Excitation and Damping of Oscillation Modes in Gaseous Planets

TL;DR

This paper investigates the excitation and damping mechanisms of oscillation modes in gas giant planets, highlighting the roles of differential rotation, storms, and impacts, and estimating their observable amplitudes and damping times.

Contribution

It introduces new models for damping and excitation of planetary oscillation modes considering differential rotation, storms, and impacts, providing estimates for mode amplitudes and damping times.

Findings

Differential rotation enhances convective viscosity, affecting damping times.

Water and rock storms, as well as impacts, can excite observable oscillation modes.

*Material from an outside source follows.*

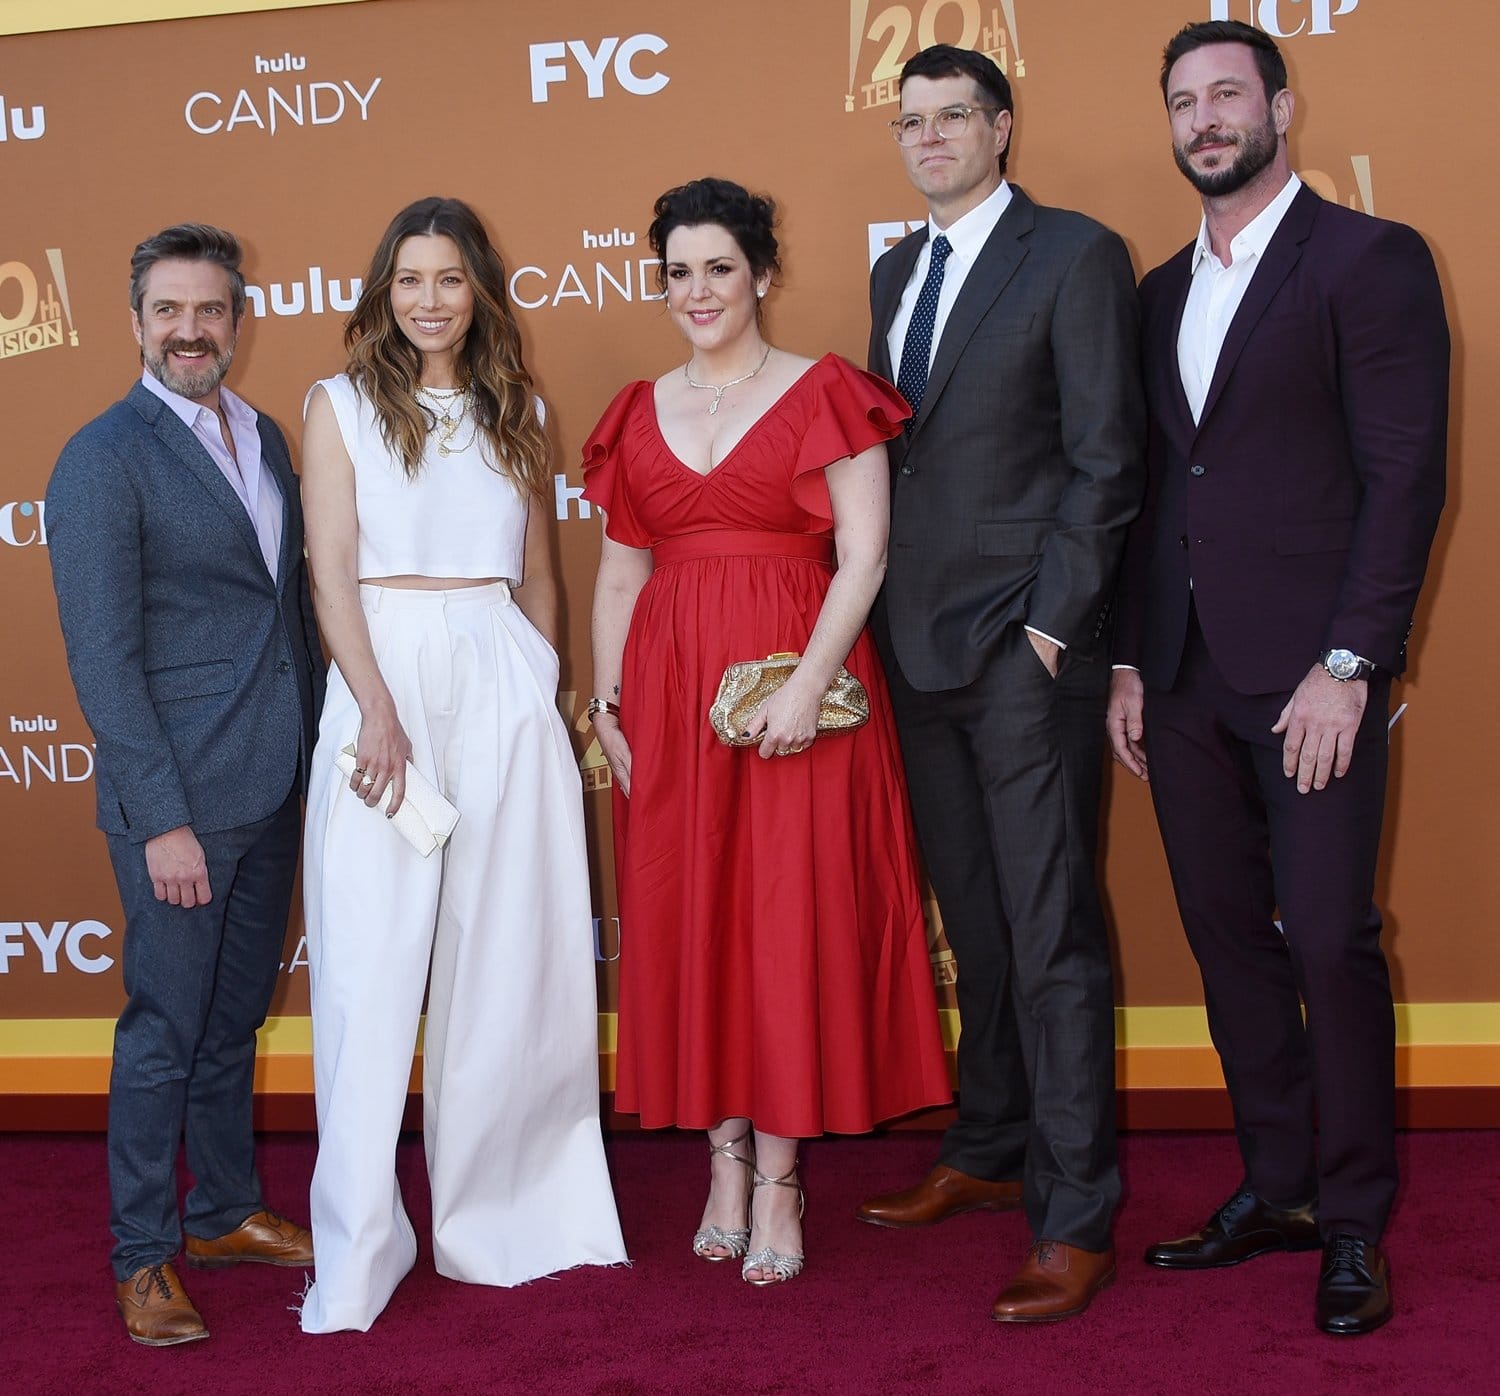 Candy cast members Timothy Simons, Jessica Biel, Melanie Lynskey, Raúl Esparza, and Pablo Schreiber at the premiere of their Hulu crime drama streaming television miniseries

Predicted mode amplitudes and periods suggest potential detectability with current techniques.

Abstract

The excitation and damping mechanisms for oscillation modes of gas giant planets are undetermined. We show that differential rotation may greatly enhance convective viscosity in giant planets, resulting in damping times of $t_{\rm damp} \sim 10^5-10^6 \, {\rm years}$ for f modes and low-order p modes. Radiative diffusion damps p modes on time scales of $t_{\rm damp} \sim 10^3-10^7 \, {\rm years}$. While the lethargic convective motions cannot effectively excite f mode or p modes, storms driven by condensation of water and/or silicates may play a role. High-order p modes are most effectively excited by cometary/asteroid impacts. Applying these calculations to solar system planets, water storms, rock storms, and impacts may all contribute to exciting the observed f modes amplitudes of Saturn via ring seismology. Similar f mode amplitudes with fractional gravitational perturbations of $\delta \Phi/\Phi \sim 10^{-10}-10^{-9}$ are expected for Jupiter and Uranus, apart from their lowest $\ell$ f modes which could have larger gravitational perturbations of $\delta \Phi/\Phi \sim 10^{-7}$. Rock storms may contribute to mode driving in Jupiter, while water storms are more important for Uranus. The highest-amplitude p modes are predicted to have periods of $\sim$10-30 minutes, with surface velocities of $\sim$10 cm/s for Jupiter and Saturn, and $\sim$1 cm/s for Uranus. These oscillation modes may be detectable with radial velocity measurements, ring seismology, or spacecraft Doppler tracking. However, both the damping and excitation physics are uncertain by orders of magnitude, so more careful examination of the relevant physics is required for robust estimates.